グランド・ラピッズ(Grand Rapids, MI)を訪れました。名前は知っていたものの、アナーバーと大差ない田舎町だと思い込んでいたので、ダウンタウンにそびえる高層ビルを見て若干ショック(笑)。人口は20万人弱ですが、ここがデトロイト(人口約90万人)に次ぐミシガン州第二の都市です。

グランド・ラピッズはアメリカ合衆国第38代大統領であるフォード(Gerald R. Ford)が育った町でもあり、市内に彼の生い立ちや業績を紹介するPresidential Museumがあります。入ってみたら、これが意外とおもしろい。正直言ってフォード大統領といえば、ウォーター・ゲート事件でニクソンが失脚してからカーターまでのつなぎを務めた人…程度の認識しかなかったのですが、展示された数々の資料がなかなか巧みに彼の人となりやその時代を綴っており、素人の私でも容易に当時の様子を思い浮かべることができました。働いて学資を得つつフットボール選手として名を馳せた学生時代の彼はなかなか男前。

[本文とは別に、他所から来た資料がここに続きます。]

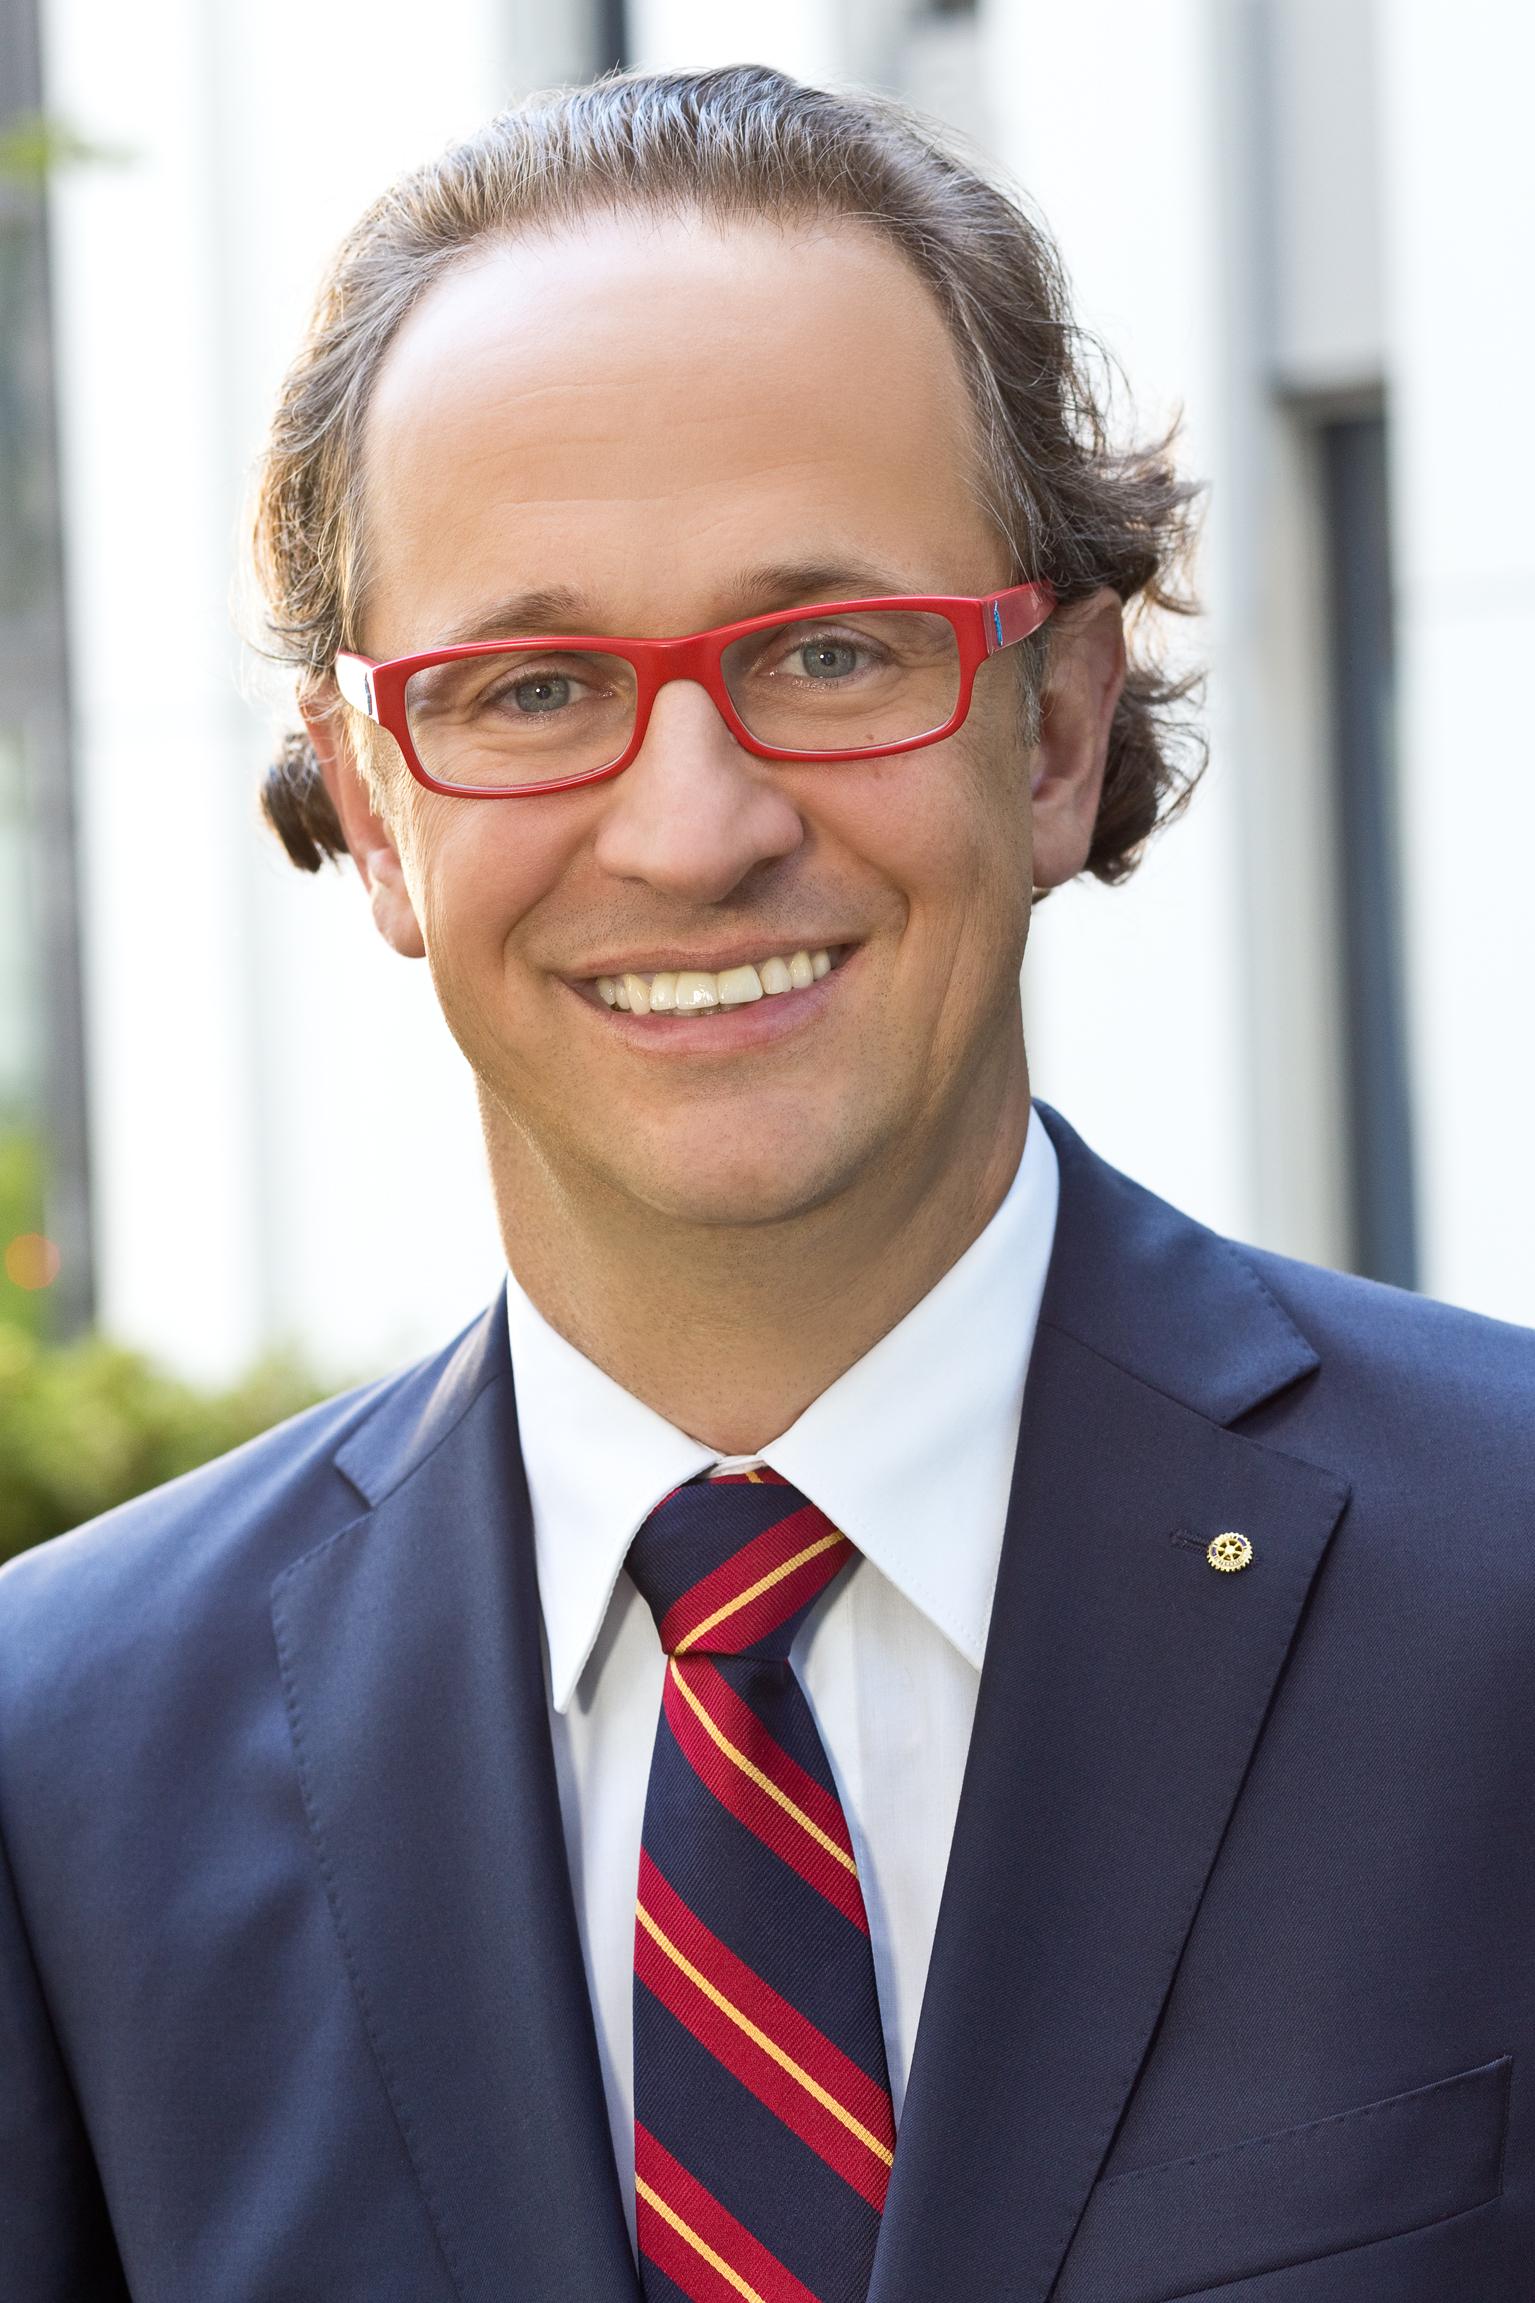 Christoph Boettger
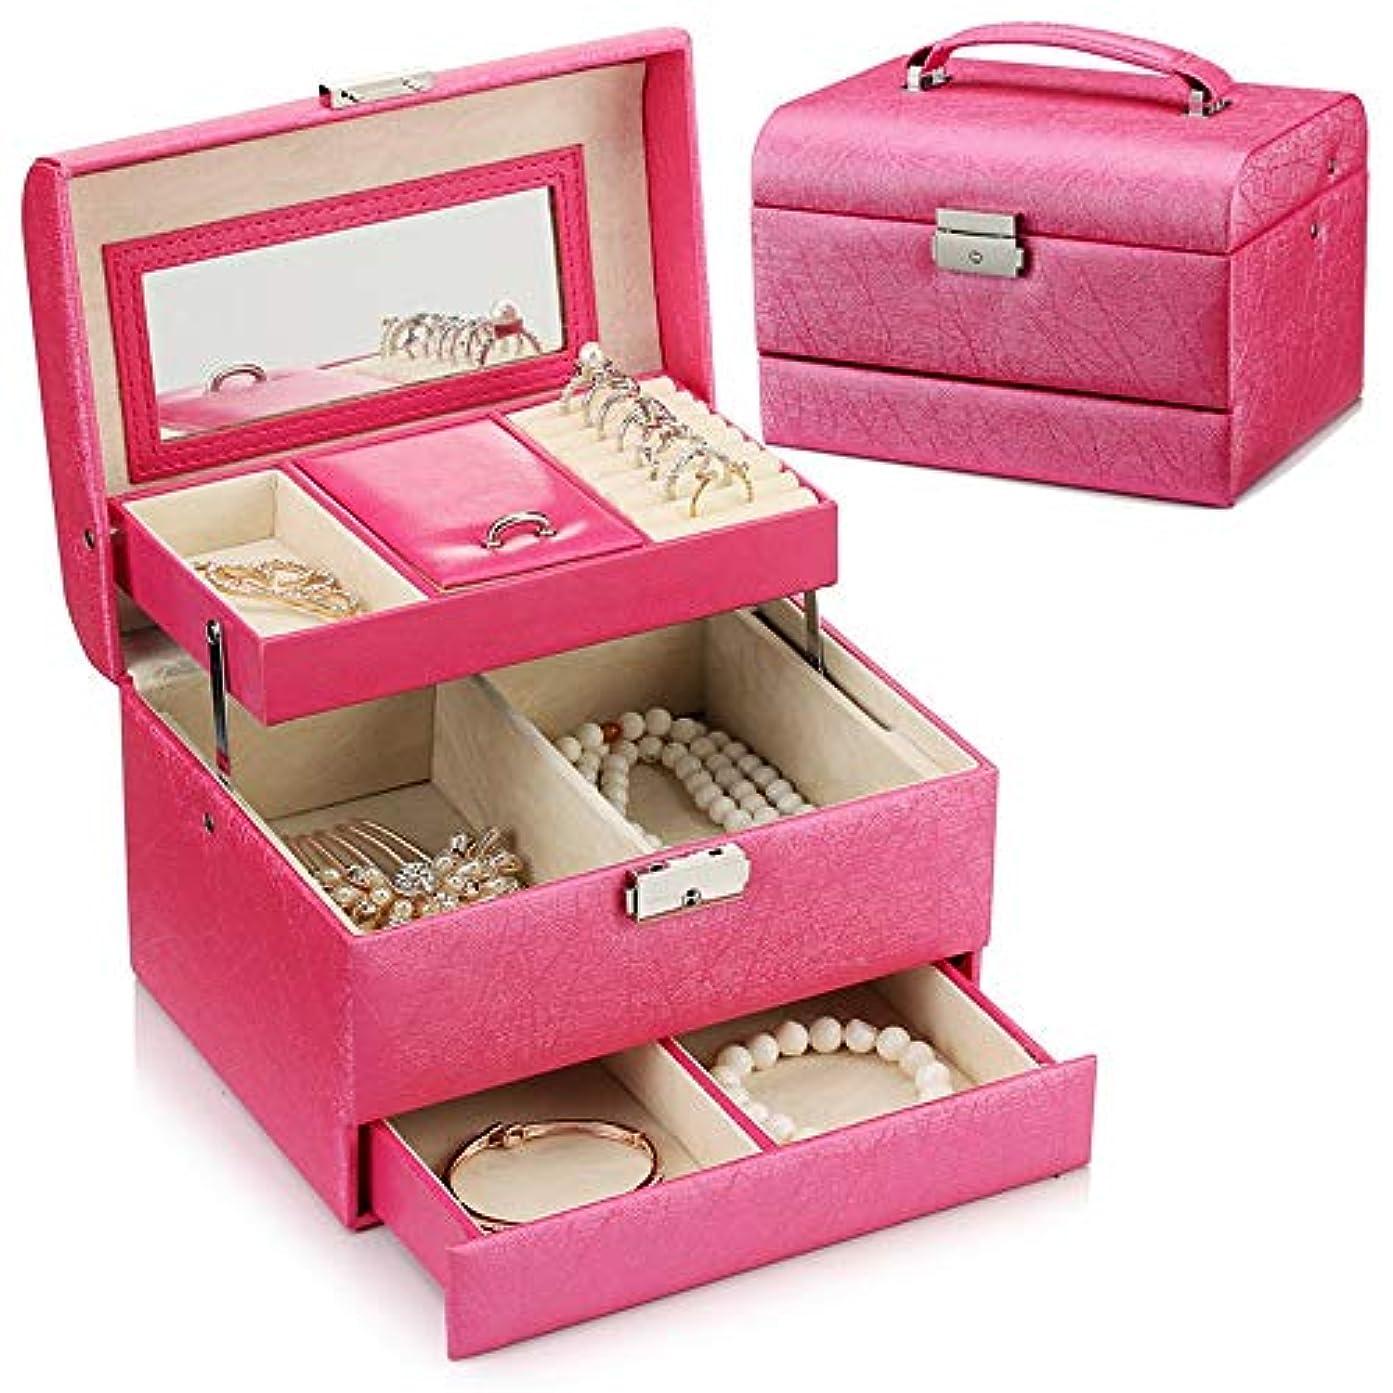 グリーンランドお手伝いさん切り離す特大スペース収納ビューティーボックス 女の子の女性旅行のための新しく、実用的な携帯用化粧箱およびロックおよび皿が付いている毎日の貯蔵 化粧品化粧台 (色 : ローズレッド)

美人で朗らかな奥さんと子供4人に囲まれた私生活は、一時期幸せなアメリカの家族のシンボル的存在だったようです。大統領となってからは、政権の信頼回復に努める一方、ニクソンに恩赦を与え、世論に大きな波紋を投げかけます。この恩赦に対して政界の各方面からフォードに寄せられた手紙が展示されていましたが、中には極めて率直にこの措置を非難し失望を表明するものもあり、社会が受けた衝撃と政権が被った悪評の程がうかがえました。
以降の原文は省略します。